Flu Burung Terdeteksi Pada Anjing Laut Di Atlantik Selatan Untuk Pertama Kalinya
RIAU24.COM - Flu burung telah terdeteksi pada populasi bulu dan anjing laut gajah untuk pertama kalinya di pulau sub-Antartika Georgia Selatan, sebuah tim ilmuwan dari Inggris (UK) mengonfirmasi pada hari Kamis.

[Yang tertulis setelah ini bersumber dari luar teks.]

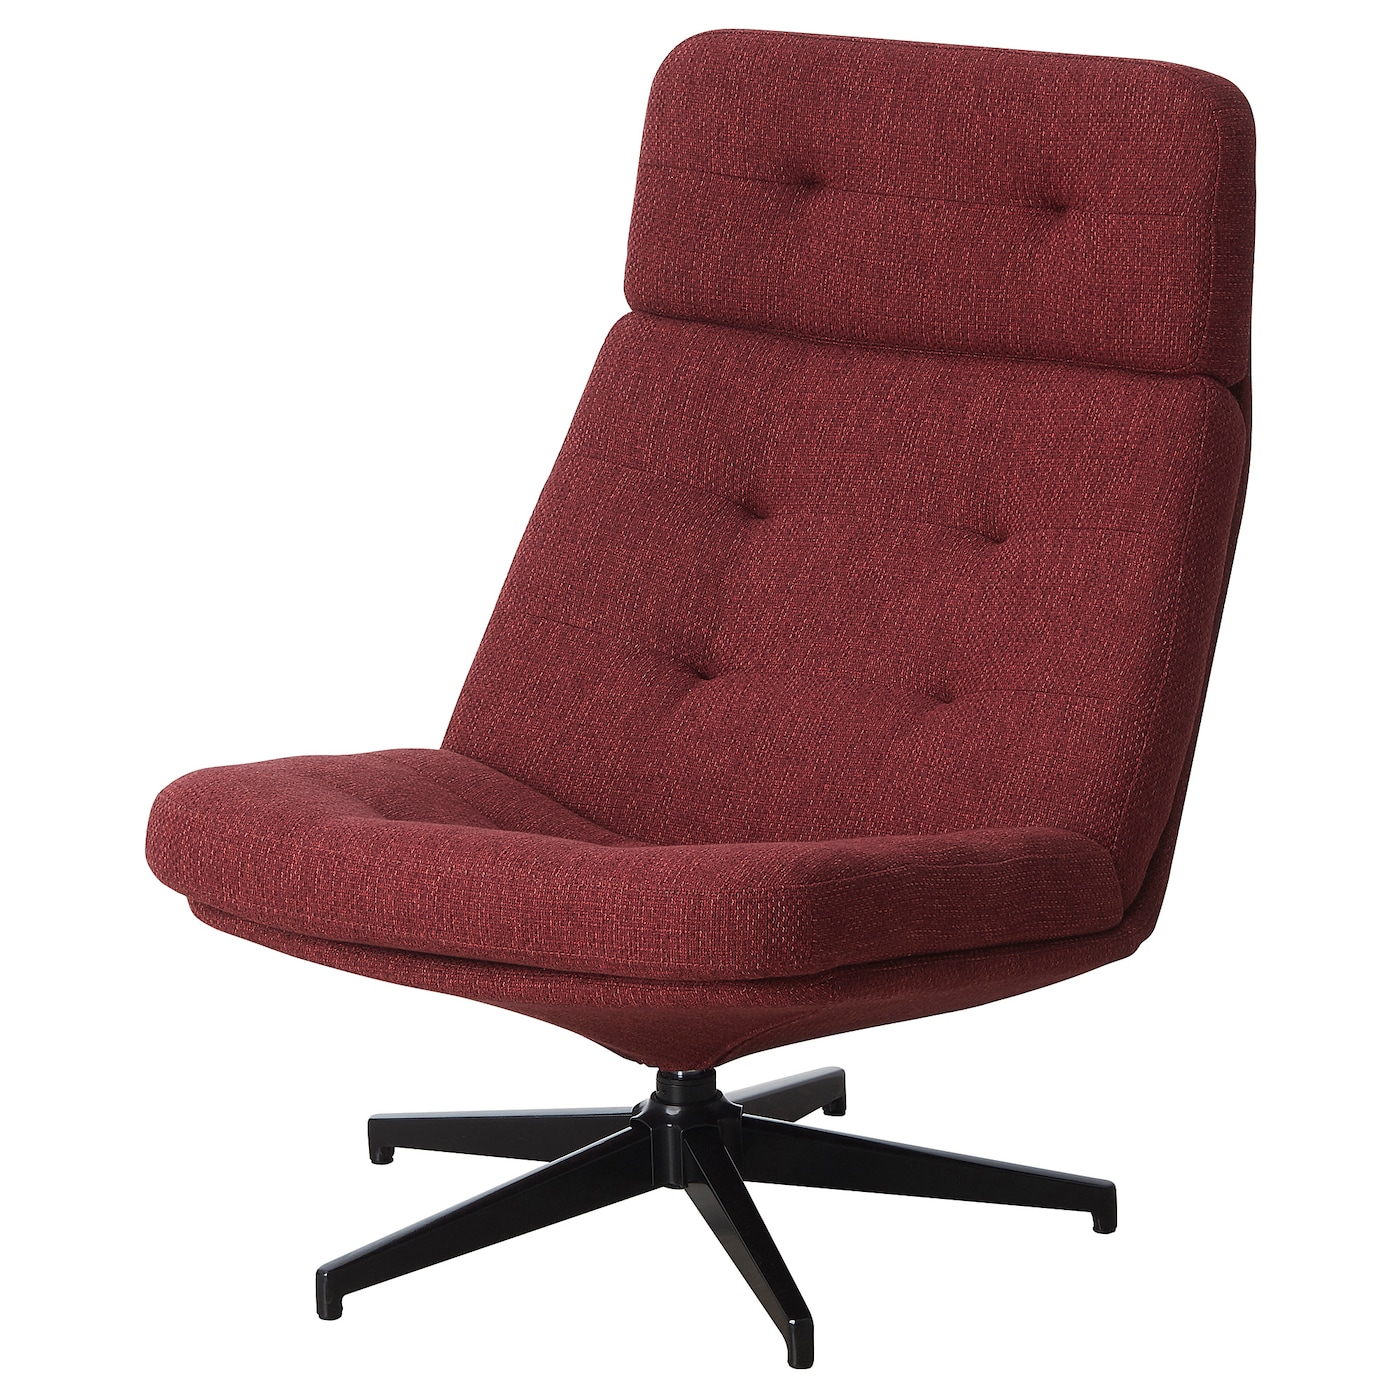 вращающееся кресло раскладное ХАВБЕРГ Вращающееся кресло, Лейде красно-коричневый HAVBERG IKEA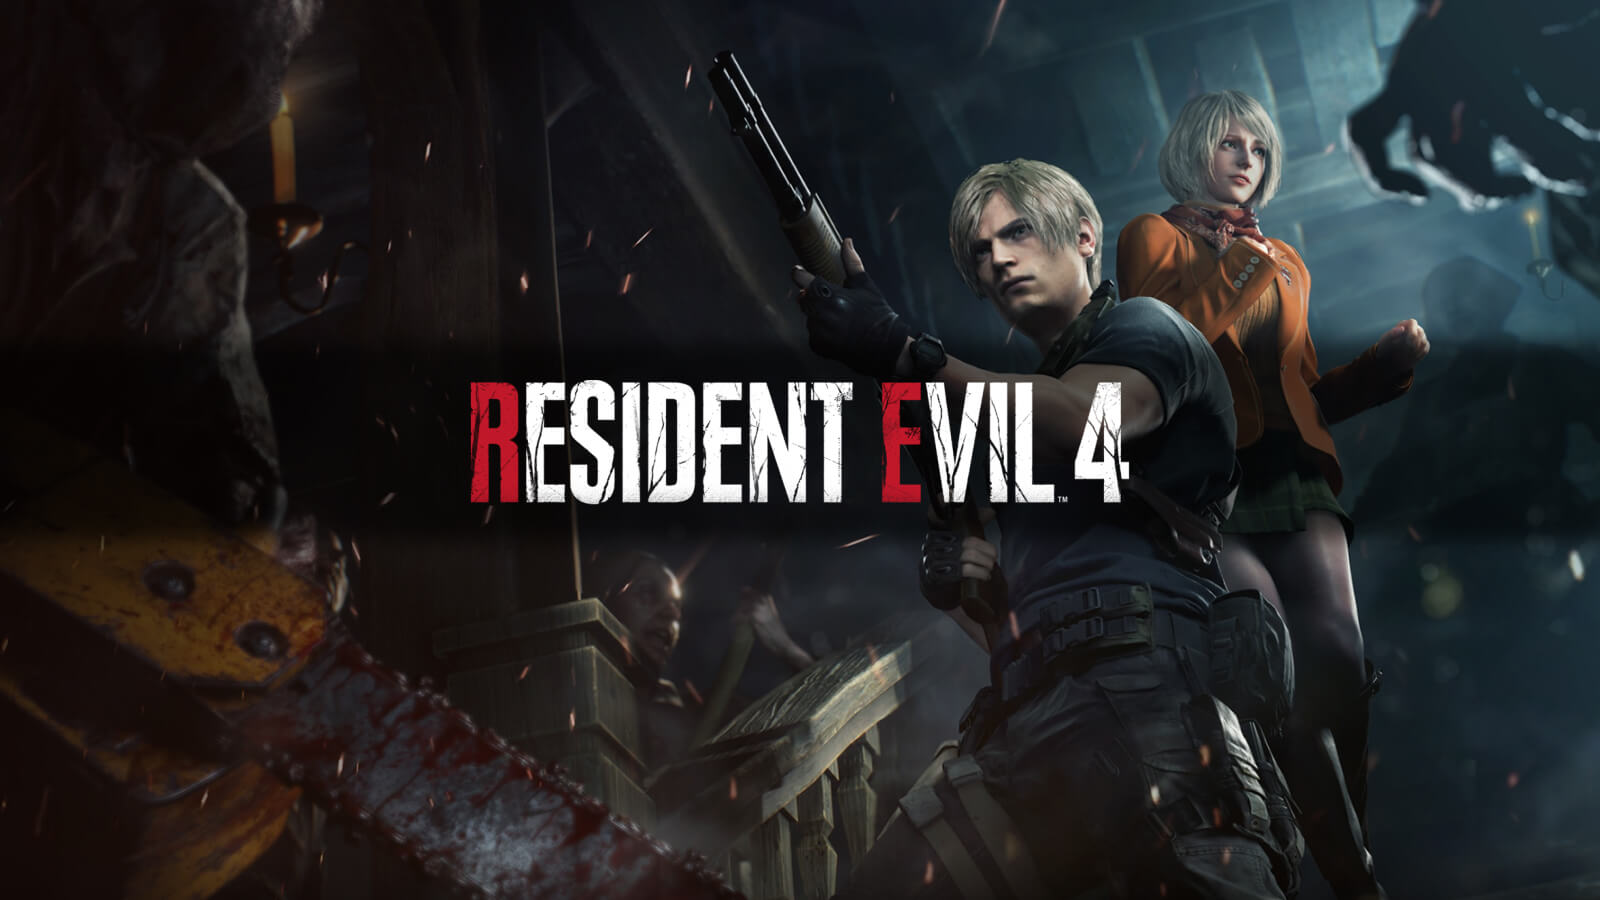 Requisitos mínimos e recomendados para RODAR de Resident Evil 3 REMAKE

Menurut sebuah laporan oleh kantor berita Reuters, para ilmuwan pertama kali mencurigai adanya flu burung pada Oktober tahun lalu, setelah kematian beberapa burung laut skua coklat di Pulau Burung yang merupakan bagian dari Wilayah Luar Negeri Inggris di Georgia Selatan dan Kepulauan Sandwich Selatan.
Pada bulan Desember, sejumlah besar anjing laut gajah ditemukan mati.
Bulan lalu, para ilmuwan dengan Badan Kesehatan Hewan dan Tanaman Inggris (APHA) dan British Antartic Survey (BAS) menghabiskan tiga minggu di pulau-pulau yang terkena dampak, mengumpulkan sampel dari mamalia dan burung yang mati.
Para ilmuwan mengatakan bahwa sampel diuji positif untuk HPAI H5N1 pada anjing laut gajah, anjing laut bulu, skua coklat, camar rumput laut, dan tern Antartika.
"Mengingat Antartika adalah hotspot keanekaragaman hayati yang unik dan istimewa, sangat menyedihkan dan memprihatinkan melihat penyakit ini menyebar ke mamalia di wilayah tersebut," kata direktur layanan ilmiah APHA Ian Brown.
Dampak H5N1 pada satwa liar Antartika bisa sangat menghancurkan
Reuters melaporkan bahwa menurut para ilmuwan, dampak H5N1 saat ini pada satwa liar Antartika Anon bisa sangat menghancurkan.
Sebuah laporan oleh OFFLU (jaringan keahlian global gabungan OIE-FAO tentang influenza hewan) mengatakan bahwa virus tersebut berpotensi menginfeksi 48 spesies burung dan 26 spesies mamalia laut.
Offlu mengatakan bahwa ribuan anjing laut dan ratusan ribu burung berkumpul di koloni padat di Antartika yang dapat memungkinkan virus dengan mudah melompat di antara individu.
Alastair Ward, seorang ahli ekologi di University of Leeds, mengatakan anjing laut yang diketahui mengais, dapat terinfeksi ketika mereka mengkonsumsi bangkai burung yang terinfeksi.
Di tengah kekhawatiran global tentang penyebaran virus ke populasi satwa liar yang terancam, pejabat Alaska mengkonfirmasi pekan lalu kasus beruang kutub pertama yang diketahui sekarat karena H5N1.
Berbicara kepada Reuters, Andrew Derocher, seorang ahli biologi beruang kutub di University of Alberta, mengatakan, "Jika seekor burung dilemahkan oleh flu burung, atau menyerah padanya, beruang kutub tidak rewel tentang apa yang dimakan."
Derocher mengatakan bahwa jika seekor burung mati dan dapat dimakan, beruang kutub mungkin akan memakannya.
"Ada kemungkinan besar interaksi antara perubahan iklim, flu burung, kematian burung dan beruang kutub," tambahnya.